Sual: Tanrı’nın yaptıkları aklıma uymadığı için inanmıyorum. Tanrı
bizi zoraki bir sınava sokuyor. Örneğin ben okula gidip, sınavları kazanırsam
mezun olur, diploma alırım. Gitmezsem mezun olamam. Ama burada okula gitmek veya
gitmemek gibi bir seçeneğim var. Hâlbuki bu dünyaya gelirken ve kulluk
imtihanına girerken, bana bir şey sorulmadı. Sorulsaydı, ben bu imtihana hiç
girmezdim. Belki bir hayvan veya toprak olmayı isterdim. Bana sorulmadan yaratıp
da, sonra beni sorguya çekmek adalete uyar mı? Böyle tanrı nasıl adil olabilir?
CEVAP
Allahü teâlânın adaleti ile kulların arasındaki adalet birbirine benzemez.
Yanlış olarak kullara benzetildiği için işin içinden çıkılamıyor.
İnsanlar arasındaki adalet, bir âmirin, ülkesini idare için koyduğu
kanunlar içinde hareket etmesidir. Zulüm ise, bu kanunun dışına çıkmaktır.
Her şeyi yoktan yaratan Allahü teâlâ, hâkimler hakimi, her şeyin asıl sahibi ve
tek yaratıcısıdır. Üstünde bir âmiri, sahibi yoktur ki, Onu bir kanun altında
bulundursun. Bundan dolayı, (Allah’ın yaptığı şu iş, adalete uymuyor)
denilemez.
Adaletin bir başka tarifi ise kendi mülkünde olanı kullanmak demektir. Zulüm
ise, başkasının mülküne tecavüzdür.
Kâinat ve içinde bulunan her şeyin yaratıcısı Allahü teâlâ olduğuna, Ondan başka
yaratıcı bulunmadığına, hiçbir kimse, hiçbir şeye sahip olmadığına göre,
Rabbimizin yaptığı işler, hiç kimsenin malına, mülküne tecavüz değildir. Onun
yaptığı işler için, (Adalete uymuyor) denilemez. Yasak ettiği bir şeyi,
daha sonra serbest bırakabildiği gibi, önceden serbest ettiği bir şeyi de daha
sonra yasaklayabilir. Mülk Onundur, dilediği gibi kullanır. Kimsenin bir şey
sormaya hakkı yoktur.
Allahü teâlâ dileseydi, sizi kedi köpek olarak da yaratabilirdi. Niye beni
hayvan yarattın demeye hakkınız var mı idi? Bakkaldan çay şekeri alırız, kimimiz
onunla çay içeriz, kimimiz de helva yapar yeriz. Şekerin bir şey demeye hakkı
var mı? Ne diye falanca bakkaldan aldığını çayda içtin de, beni helva yaptın
diyebilir mi? Madem şeker benim malımdır, mülkümdür; onu dilediğim gibi
kullanırım. Başkasının bu şekerle niye helva yaptın demeye hakkı olamaz.

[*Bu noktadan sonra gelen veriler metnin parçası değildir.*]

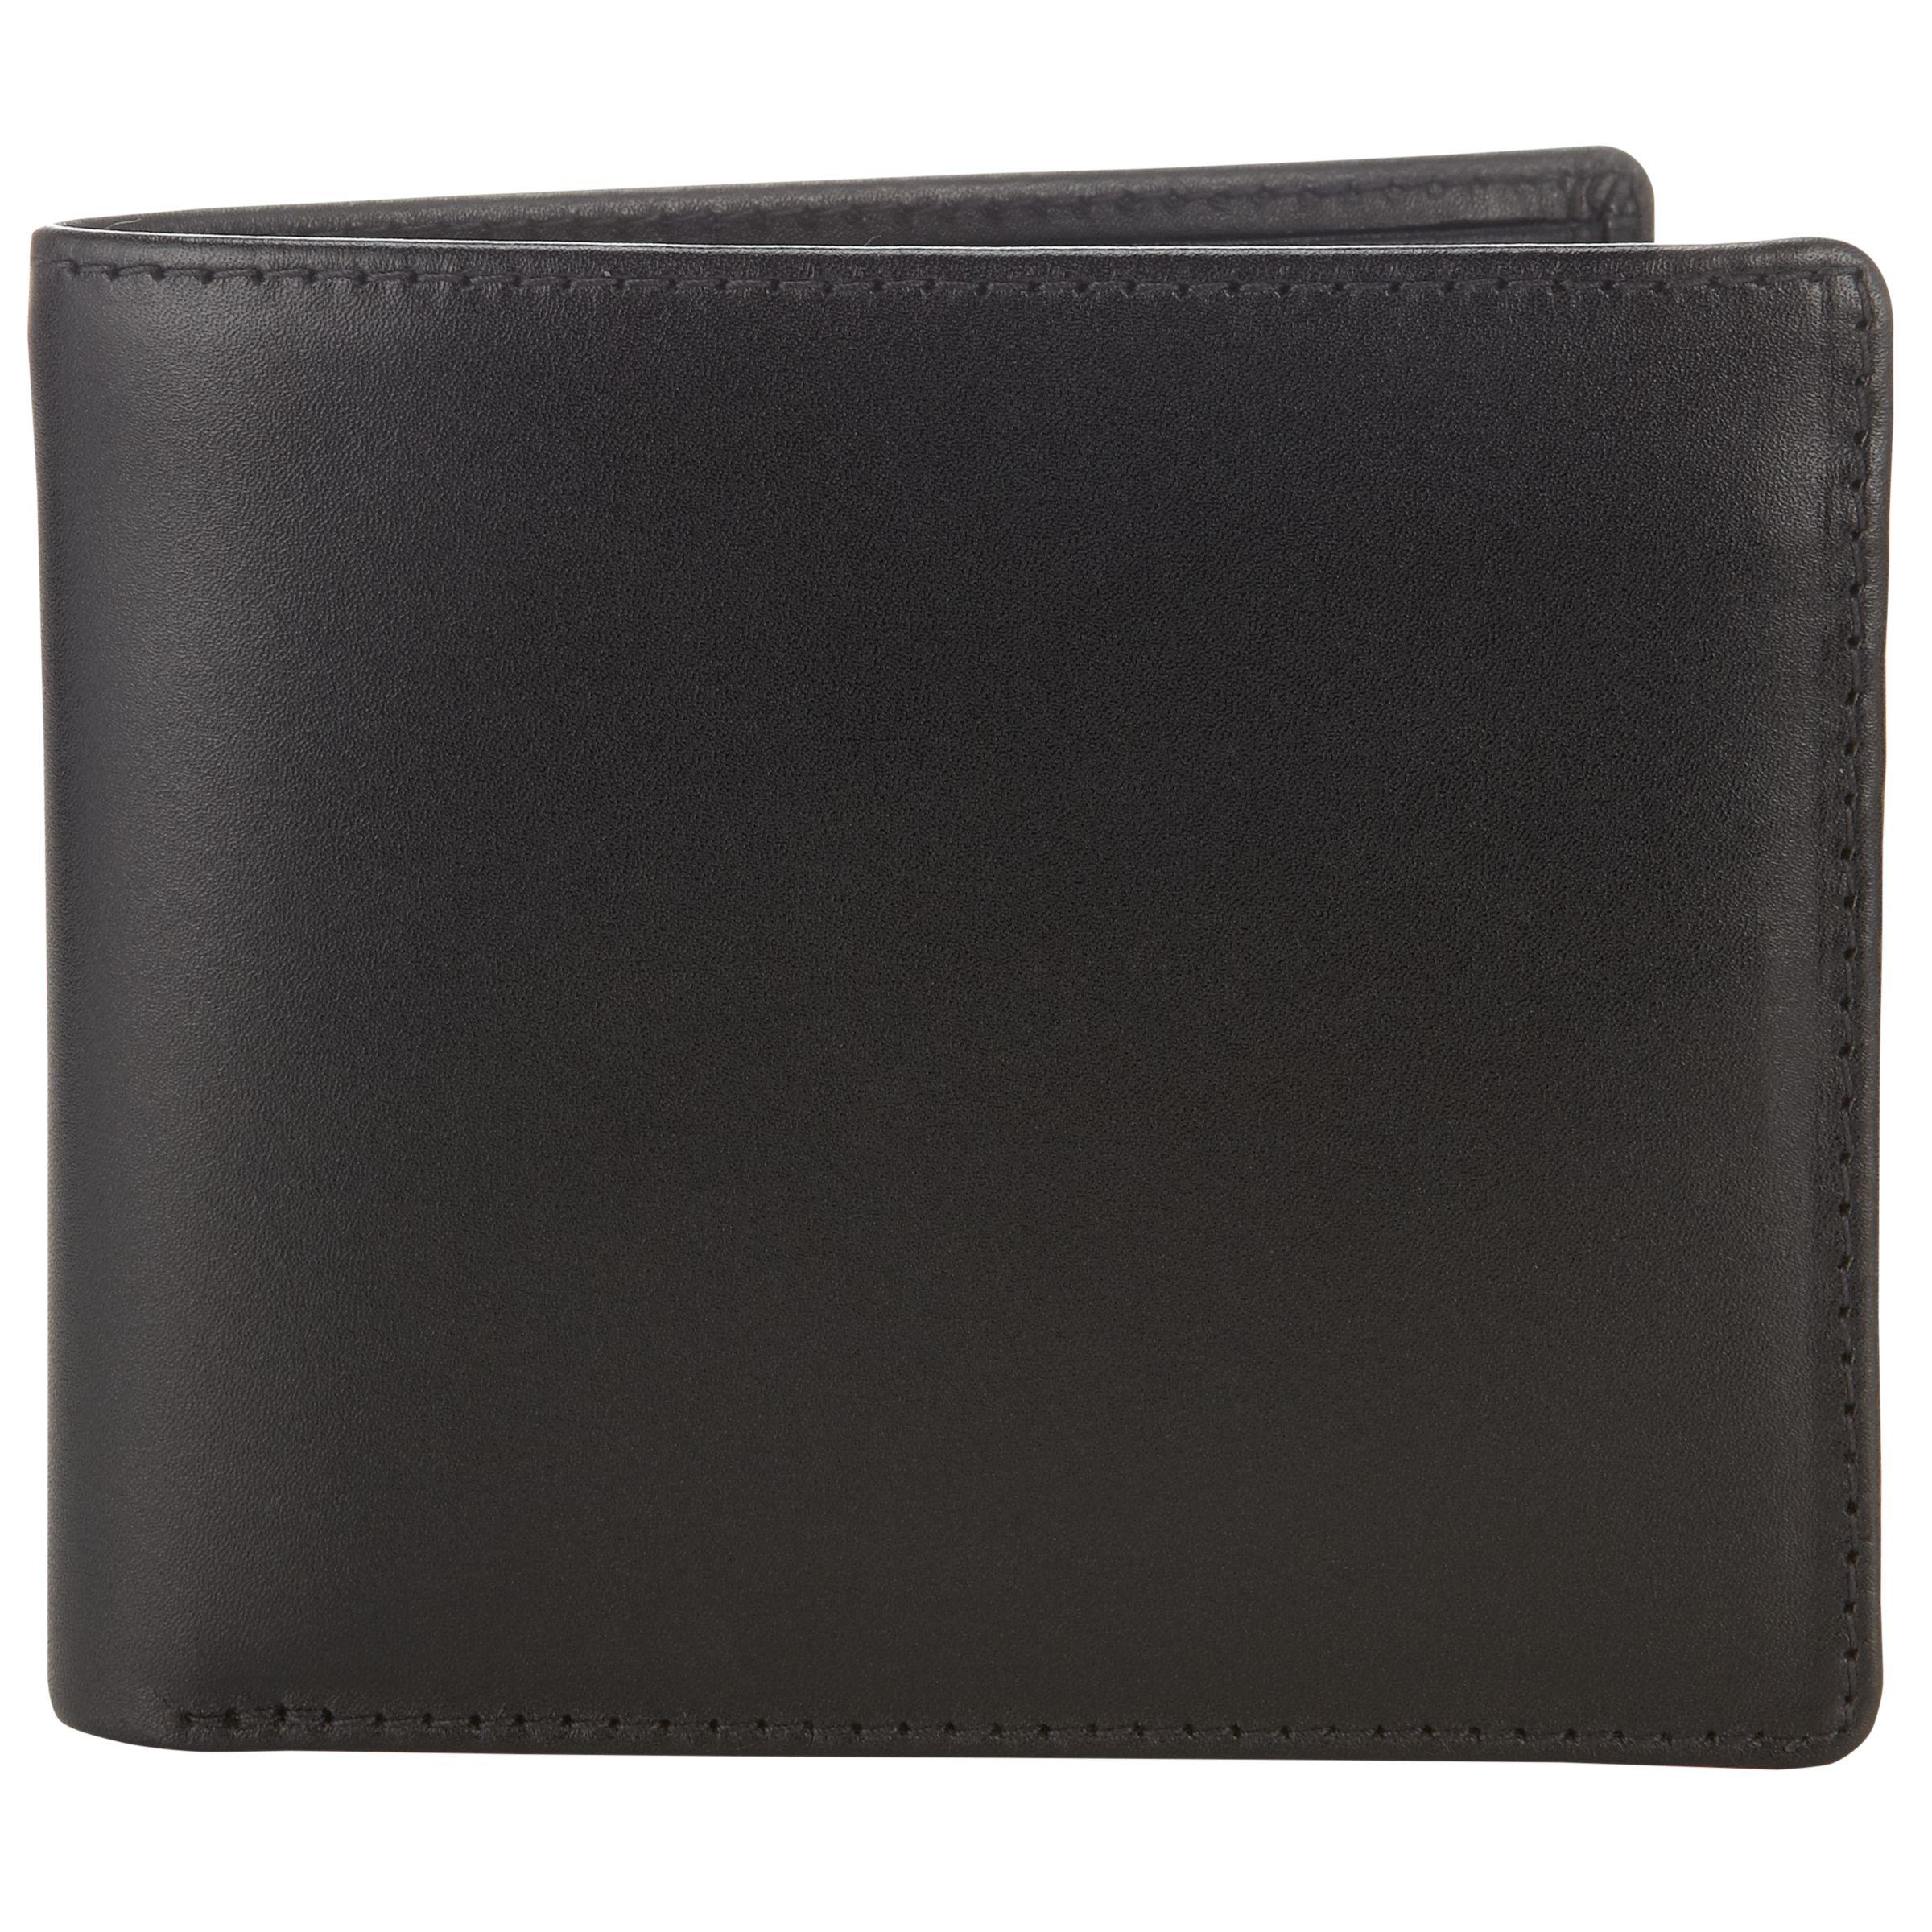 Launer Premium Leather Bi-Fold Wallet 230222495 product image

Allahü teâlânın indinde de, canlı-cansız, insan-hayvan hepsi onun mülküdür.
Dilediği gibi tasarruf eder, hiç kimse bir şey soramaz. Bize konuşma özelliğini
veren de odur. Mülk Onundur. Her şeyi ve herkesi yoktan var eden Odur. Şöyle
yapanı Cehenneme, şöyle yapanı Cennete koyarım dedi. İmtihana soktu. Kazananı
Cennete, kaybedeni Cehenneme attı. Aslında imtihan yapmadan da, istediğini
Cennete, istediğini de Cehenneme koyabilirdi. Mülk onundur, başkasının malına
mülküne tecavüz yok ki, adalete uyulmuyor densin. Allahü teâlâ,
yarattıklarının hepsini Cehenneme atsa, yine adaletsizlik olmaz. Ama O merhamet
etmiş, şunları yapanı Cennete koyarım demiş, bu da Onun bir ihsanıdır. Cehenneme
atsa idi bir şey diyebilir miydik, itiraz edebilir miydik? Etsek bile, elimize
ne geçerdi?
Seyyid Abdülhakim Arvasi hazretlerinin, bir ateiste verdiği cevabın bir
bölümü şöyledir:
1- Günah işleyeceğin zaman, Onun rızkını yeme! Rızkını yiyip de, Ona isyan
doğru olur mu?
2- Ona asi olmak istersen, Onun mülkünden çık! Mülkünde olup da, Ona
isyan layık olur mu?
3- Ona isyan etmek istersen, gördüğü yerde günah işleme! Onun mülkünde
olup, rızkını yiyip, gördüğü yerde günah işlemek, uygun olur mu?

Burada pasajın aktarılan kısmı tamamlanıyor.